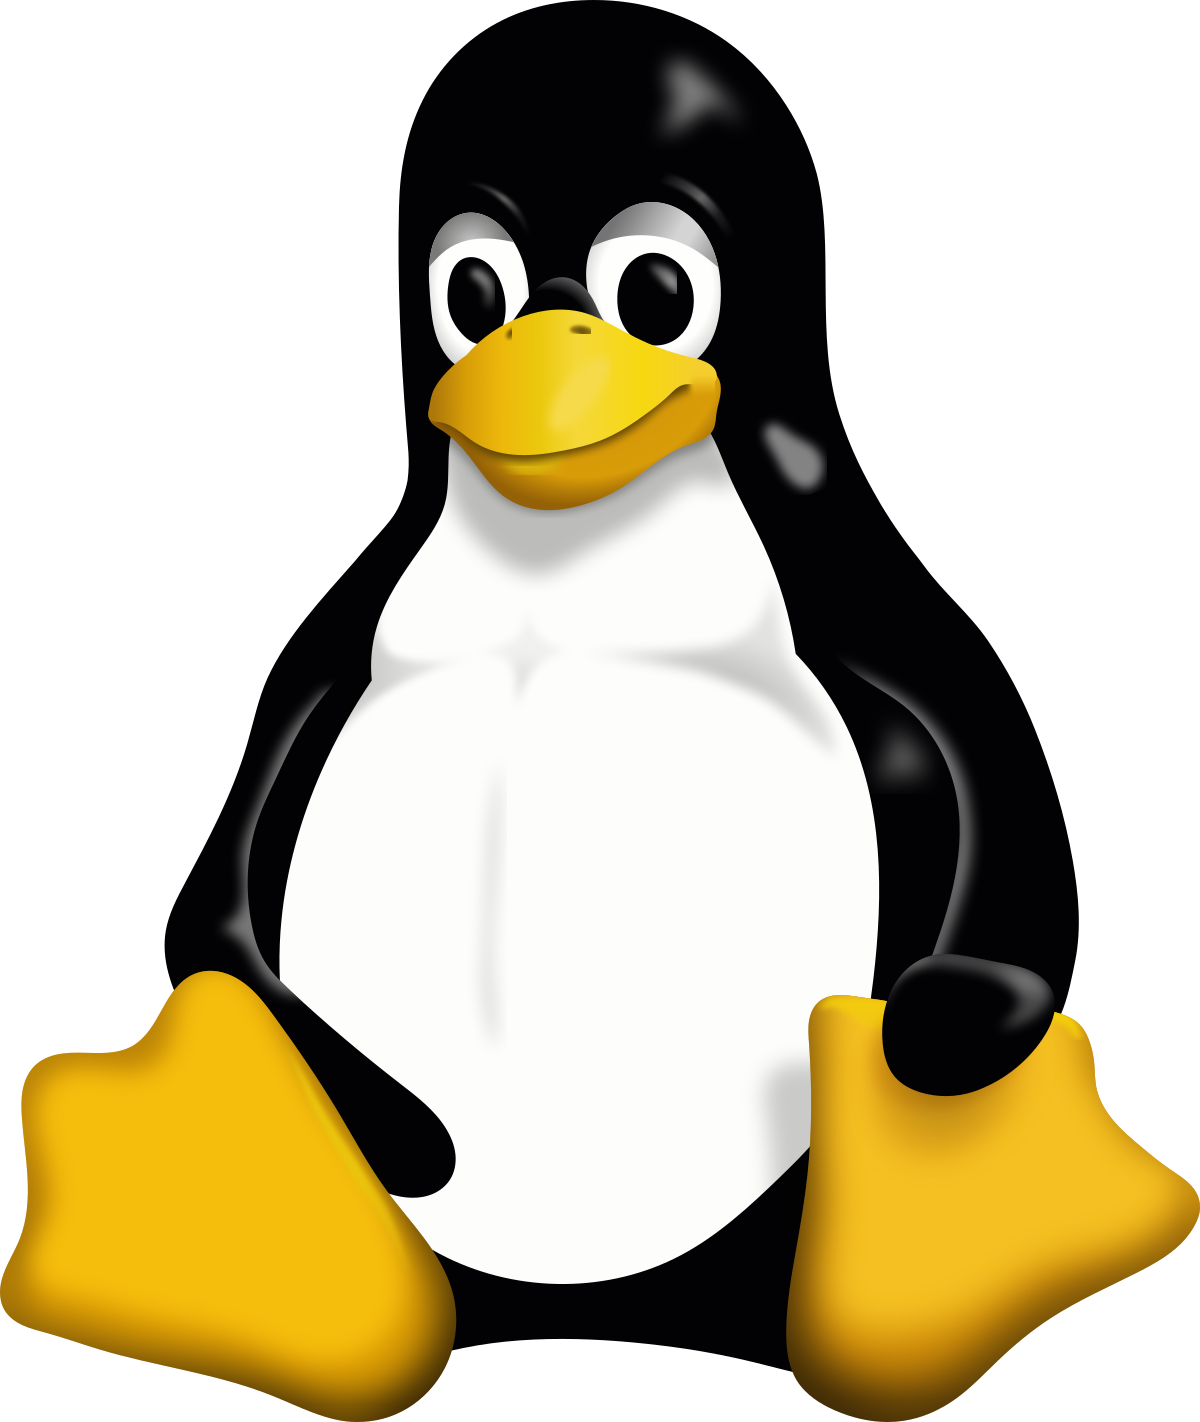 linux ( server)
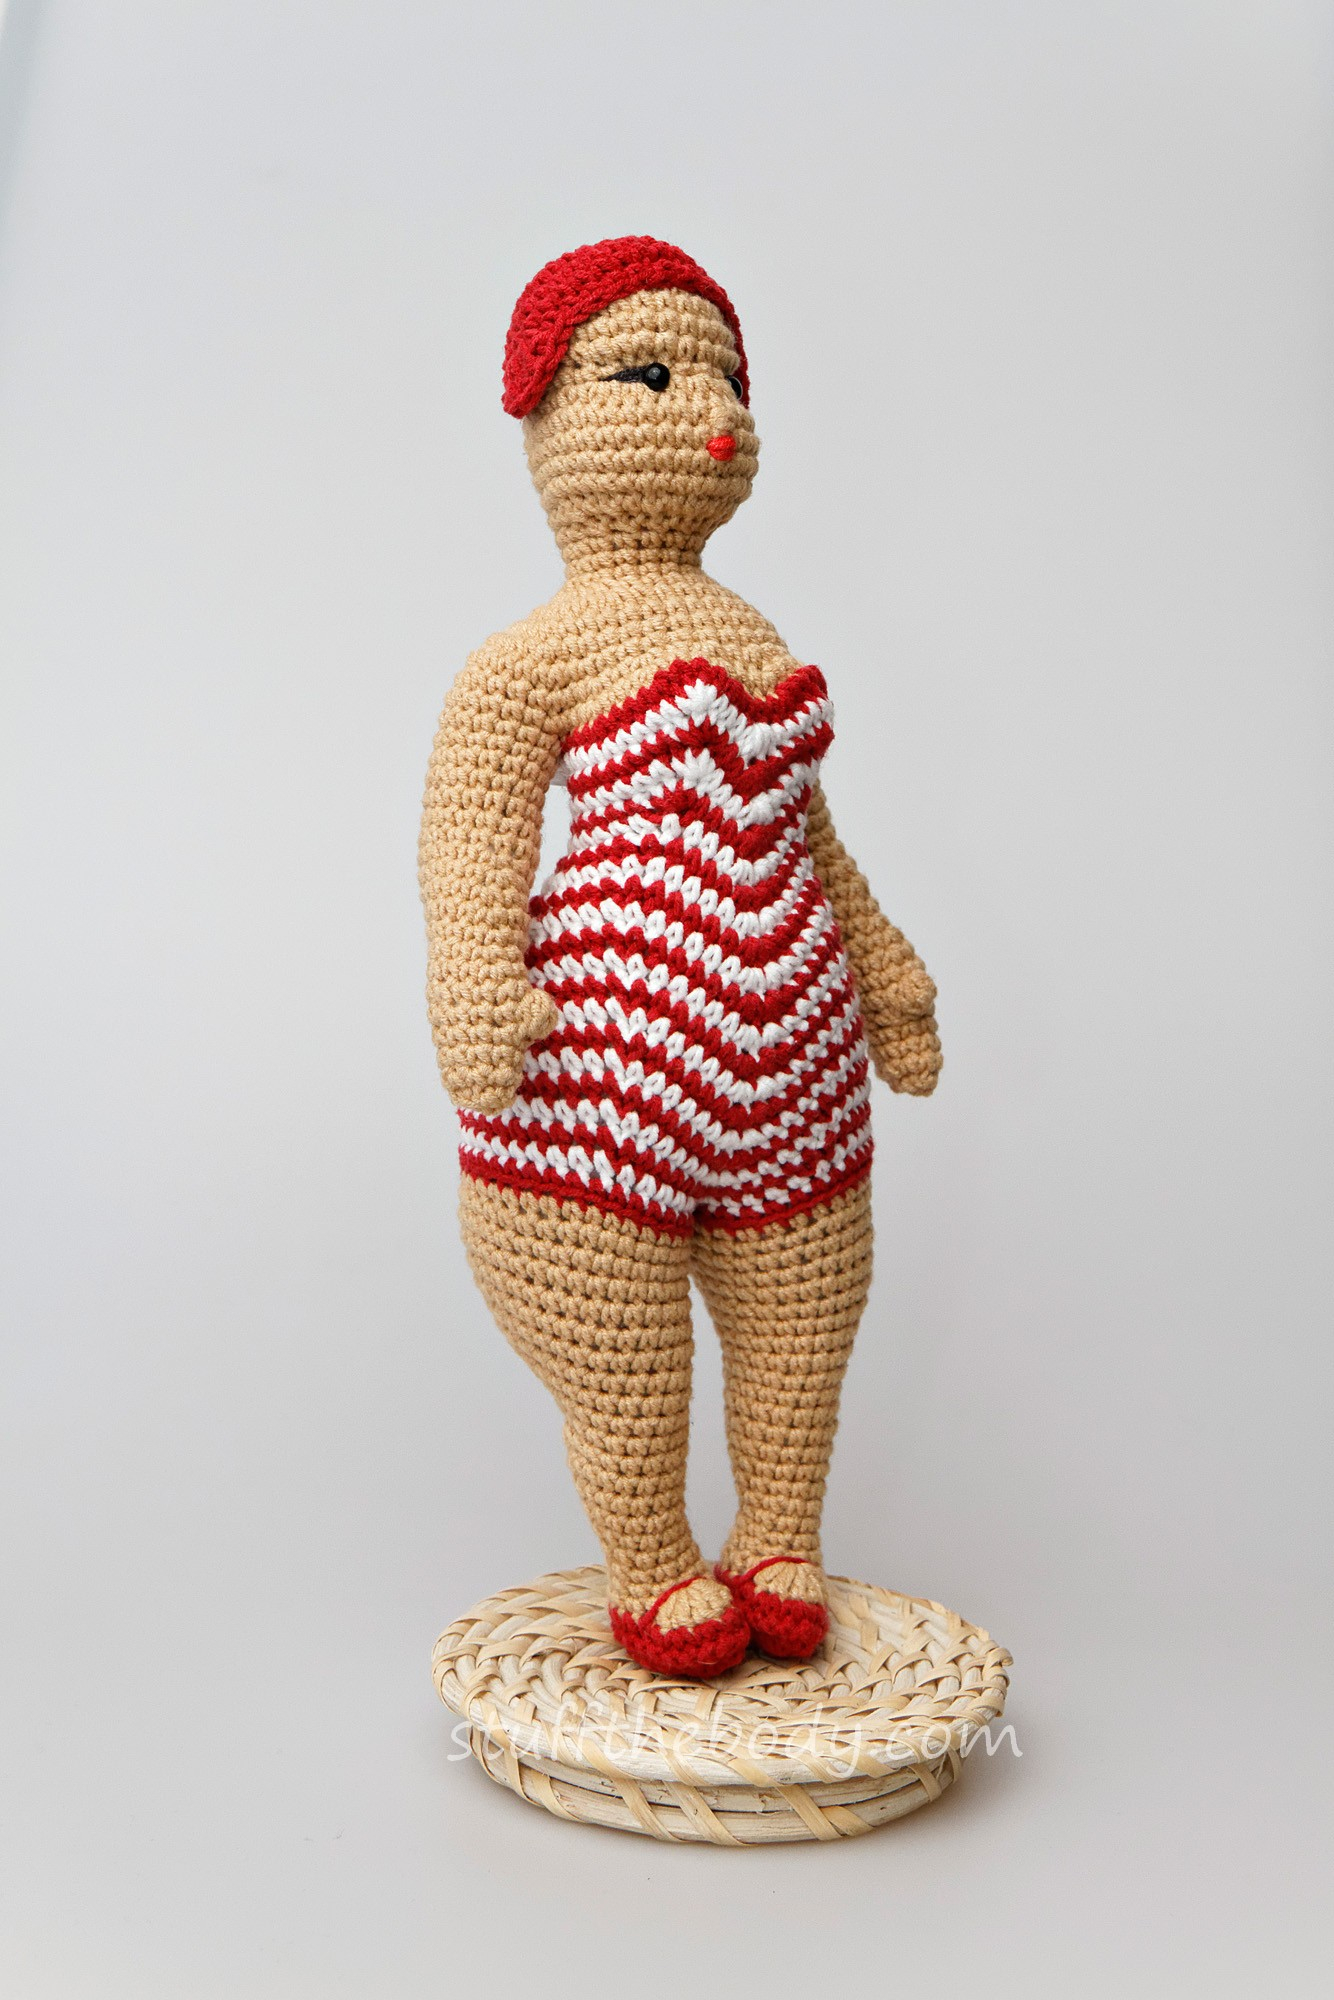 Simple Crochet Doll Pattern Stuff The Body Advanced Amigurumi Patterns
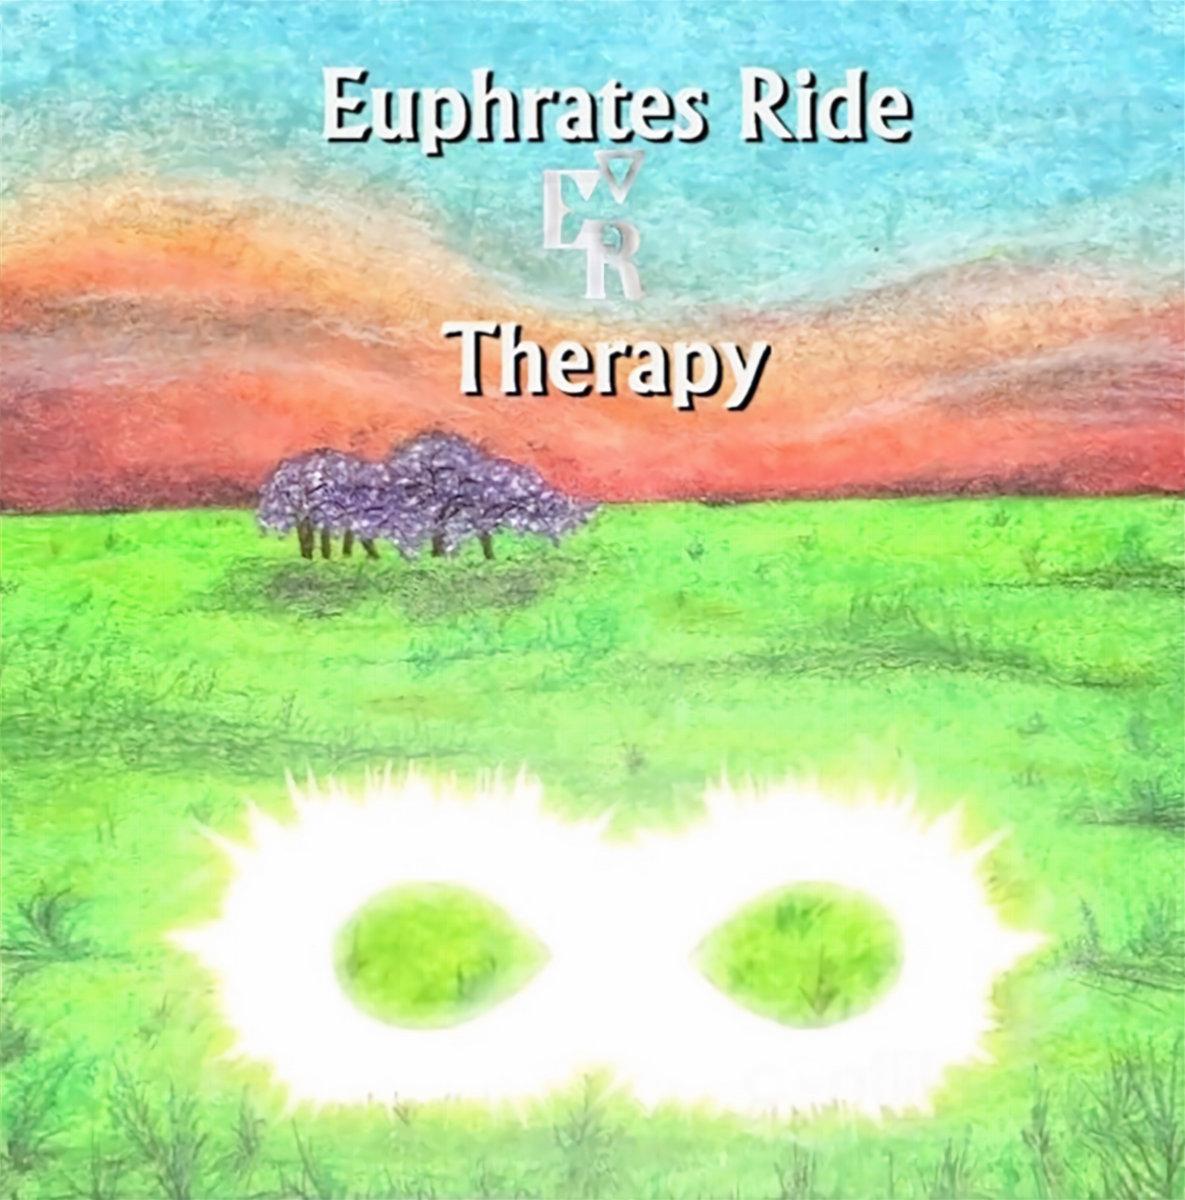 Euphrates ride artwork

ASSIGNED TASK
Make an exact copy of the whole listing, but don't bring over any pictures.

THE COMPLETED TASK
 linux ( server)
 Simple Crochet Doll Pattern Stuff The Body Advanced Amigurumi Patterns
 Euphrates ride artwork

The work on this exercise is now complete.